Question

22. Using section formula ,prove that the three points (-2,3,5),(1,2,3) and (7,0,-1) are
collinear. Also find the ratio in which the third point divides the segment joining the first
two points.
23. Find the equation of the locus of all points such that difference of their distance from
(4,0)&(-4,0 is always 2.​

Answer 1

Answer:

22. Given points are A(-2,3,5), B(1,2,3) and C(7,0,-1)

Points A,B,C, are collinear if point" c" divides the AB in ratio externally or internally.

By section formula we have

(x,y,z) = (mx2+nx1/m+n, my2+my1/m+n mz2+nz1/m+n)
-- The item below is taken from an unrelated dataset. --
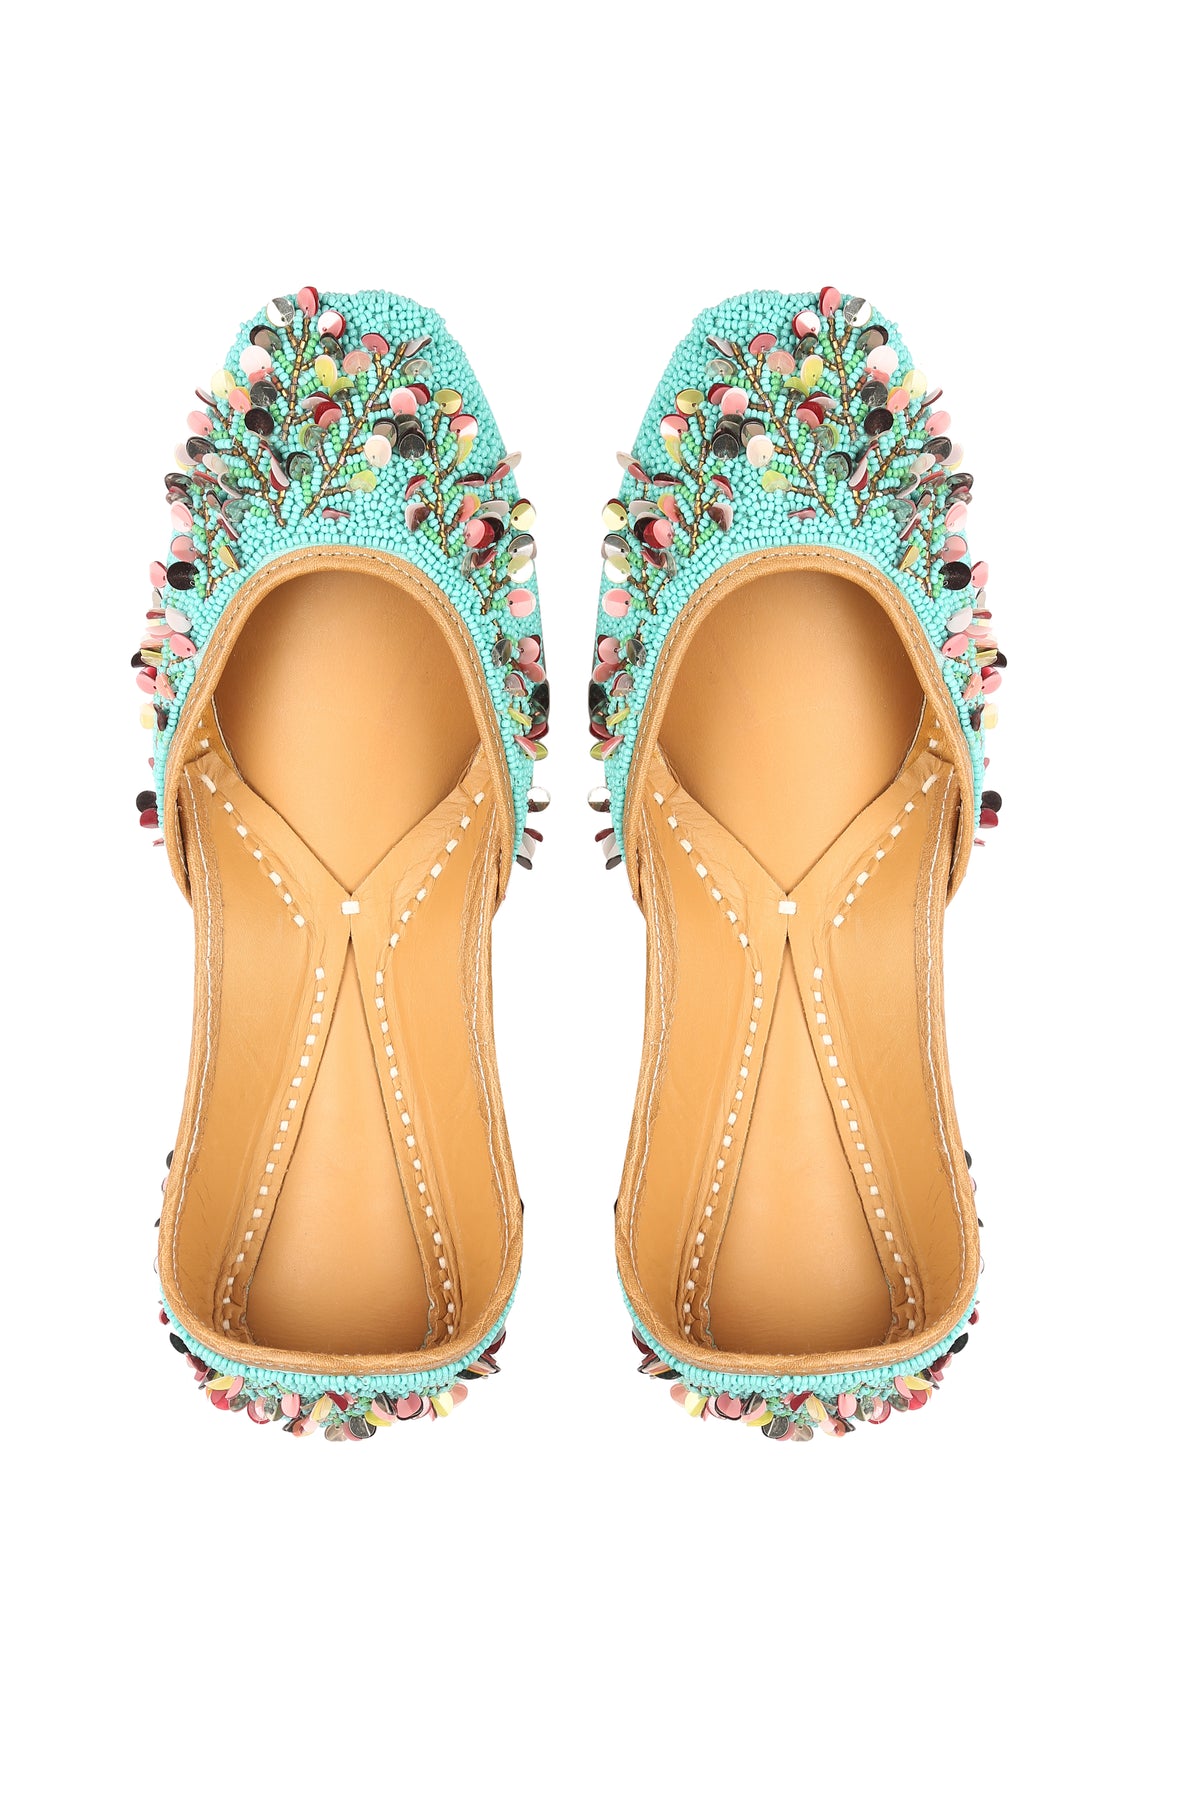 Turquoise jutti with sequins

here, Let the point B(1,2,3) divide the AC in the ratio of k:1

now,

m= k and n = 1 and x1 =-2, y1 = 3, z1 = 5, x2 =1, y2 = 2 and z2 = 3

therefore

by using d=section formula we get B( 7k-2/k+1, 3/k+1, -k+5/k+1) --(1)

now comparing the (1) from co-ordinate of B.

we get  7k-2/k+1 = 1, therefore k = 1/2

3/k+1 = 2 therefore k 1/2 and -k+5/k+1 =3 , therefore k =  1/2

hence we get the ratio 1:2 and it divide the line segment AB in ratio of 1:2.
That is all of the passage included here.